For a directed hyperedge \(e:A\rightarrow B\) we have

$$\begin{aligned} W(\mu _{A^{in}},\mu _{B^{out}})\ge \sup \left( \sum _{u\rightarrow A} f(u)\mu _{A^{in}}(u)-\sum _{B\rightarrow v}f(v)\mu _{B^{out}}(v)\right) \end{aligned}$$

where the supremum is taken over all functions on V(H) with \(f(u)-f(v)\le d(u,v)\).

Proof

The proof is similar to the proof of proposition 2.10 in15 where another measure (out–out) for defining Ricci curvature of a directed edge is considered. Here we show that the same result holds for directed hypergraphs by assuming other directions (in–out) for defining measures. We have:

$$\begin{aligned} \sum _{u\rightarrow A}\sum _{B\rightarrow v} d(u,v){\mathcal {E}}(u,v)&\ge \sum _{u\rightarrow A}\sum _{B\rightarrow v} (f(u)-f(v)){\mathcal {E}}(u,v)\\ {}&=\sum _{u\rightarrow A} f(u)\sum _{B\rightarrow v} {\mathcal {E}}(u,v)-\sum _{B\rightarrow v}f(v)\sum _{u\rightarrow A}{\mathcal {E}}(u,v) \end{aligned}$$

thus:

$$\begin{aligned}&=\sum _{u\rightarrow A} f(u)\mu _{A^{in}}(u)-\sum _{B\rightarrow v}f(v)\mu _{B^{out}}(v) \end{aligned}$$

and since for all Lipschitz functions on hypergraphs this inequality holds and the left hand side is independent of f, we obtain

$$\begin{aligned} W(\mu _{A^{in}},\mu _{B^{out}})\ge \sup \left( \sum _{u\rightarrow A} f(u)\mu _{A^{in}}(u)-\sum _{B\rightarrow v}f(v)\mu _{B^{out}}(v)\right) . \end{aligned}$$

\(\square \)

Remark 2.3

In general, we do not get equality in this lemma; equality holds for undirected hypergraphs (see15), or more generally, if for every directed hyperedge e from \(A_e\) to \(B_e\), we have a directed hyperedge \(e'\) in the reverse direction, from \(B_e\) to \(A_e\) (i.e, \(A_{e'}=B_e\), \(B_{e'}=A_e\)). In that case, all distances d(uv) become symmetric.

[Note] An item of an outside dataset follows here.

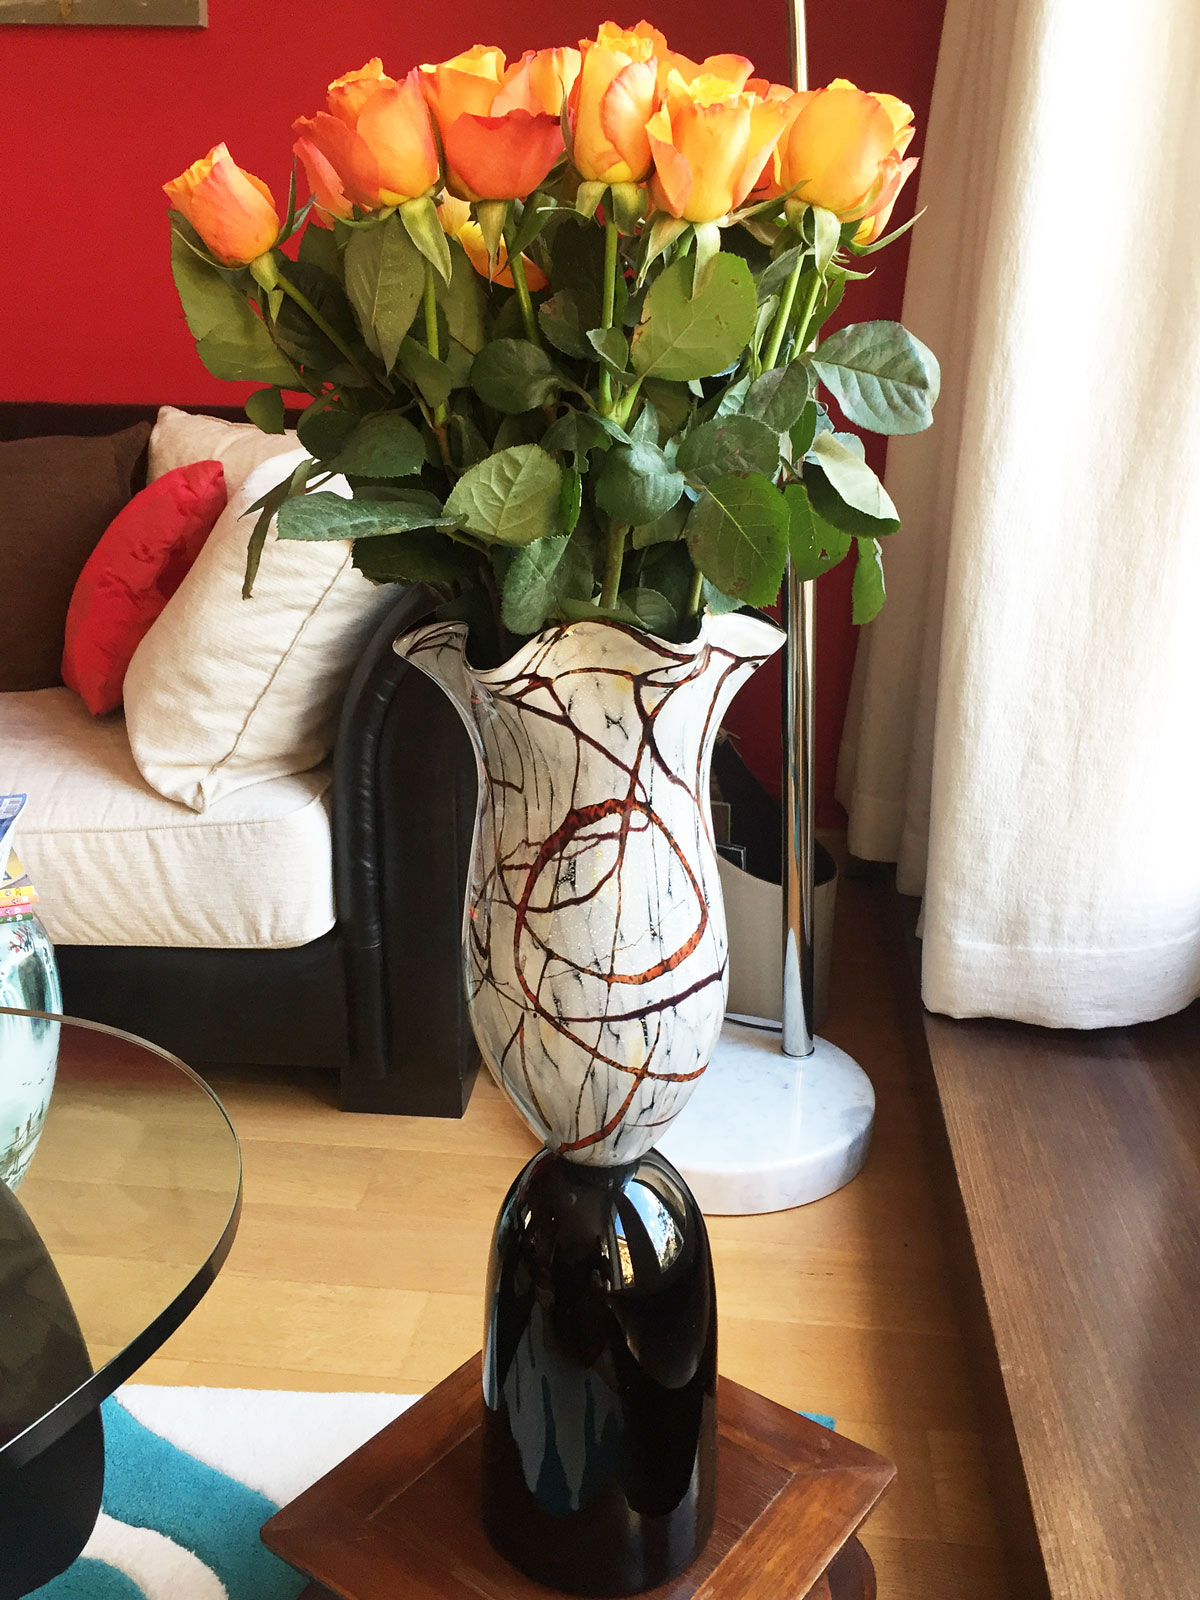 Lieber Alain, herzlichen Dank für das tolle Foto unserer Vase in Deinem Zuhause. ❤️ Herzlichen Dank das Du uns daran teilhaben lässt. Liebe Grüße senden die Kreiner Brüder

We now propose another formula for the curvature of a hyperedge which is more intuitive and in some cases much easier to work with.

For defining the Ricci curvature of a hyperedge e, we use incoming hyperedges to its tail set (\(A_e\)) and outgoing hyperedges from its head set (\(B_e\)). If u and v are in the support of \(\mu _{A^{in}}\) and \(\mu _{B^{out}}\) respectively, then \(d(u,v)\le 3\). Recall that for any real valued function f on V, the support of f (denoted by suppf) is the set of all vertices in V where f is non-zero, i.e., \( {supp} (f)=\{u\in V\,|\,f(u)\ne 0\}\).

If \(\mu _i\) is the amount of mass that is moved with distance \(i (i\le 3)\) in an optimal transport plan, then we have:

$$\begin{aligned} \sum _{i=0}^3 \mu _i=1, \quad \sum _{i=1}^3 i\mu _i= W . \end{aligned}$$
(1)

If \(\kappa =0\) then \(W=1\), and we thus have \(\mu _0=\mu _2+2\mu _3\). More generally, we obtain

Theorem 2.1

The curvature of a hyperedge is given by

$$\begin{aligned} \kappa =\mu _0-\mu _2-2\mu _3. \end{aligned}$$
(2)

In fact, we could simply use (2) as a definition of Ricci curvature.The formula (2) for the curvature of a directed hyperedge, also works for curvature of edges in undirected graphs. As in the (undirected) graph case, \(\mu _0\) represents the amount of mass which is not moved in an optimal plan, i.e., the amount of the stable mass in directed 3-cycles \((u\rightarrow x_i\rightarrow y_j\rightarrow u)\) (where u is simultaneously in the support of \(\mu _{A^{in}}\) and \(\mu _{B^{out}}\)) or directed loops emerging from any of the \(x_i\)s. Although \(\mu _1\) (the mass moved with distance one, possibly through directed quadrangles \((u\rightarrow x_i\rightarrow y_j\rightarrow v,\) while u is directly connected to v, \( u\rightarrow v\)) does not appear in the formula for the curvature, computing \(\mu _1\) is an intermediate step for the computations of \(\mu _2\) and \(\mu _3\) where \(\mu _2\) is the amount of mass that should be moved with distance 2 (possibly through directed pentagons including \(x_i\) and \(y_j\)) and \(\mu _3\) is the amount of the mass that is moved with distance 3 in an optimal plan.

Remark 2.4

While finding the general formula for \(\mu _1\) (and \(\mu _2\)) may be difficult, any lower bound for \(\mu _1\) (after simply knowing the exact amount of \(\mu _0\)) helps us to derive some upper bounds for W and therefore a lower bound for the curvature. Also the \(\mu _i\) can differ between different optimal transport plans, but equalities (1) and (2) will always hold.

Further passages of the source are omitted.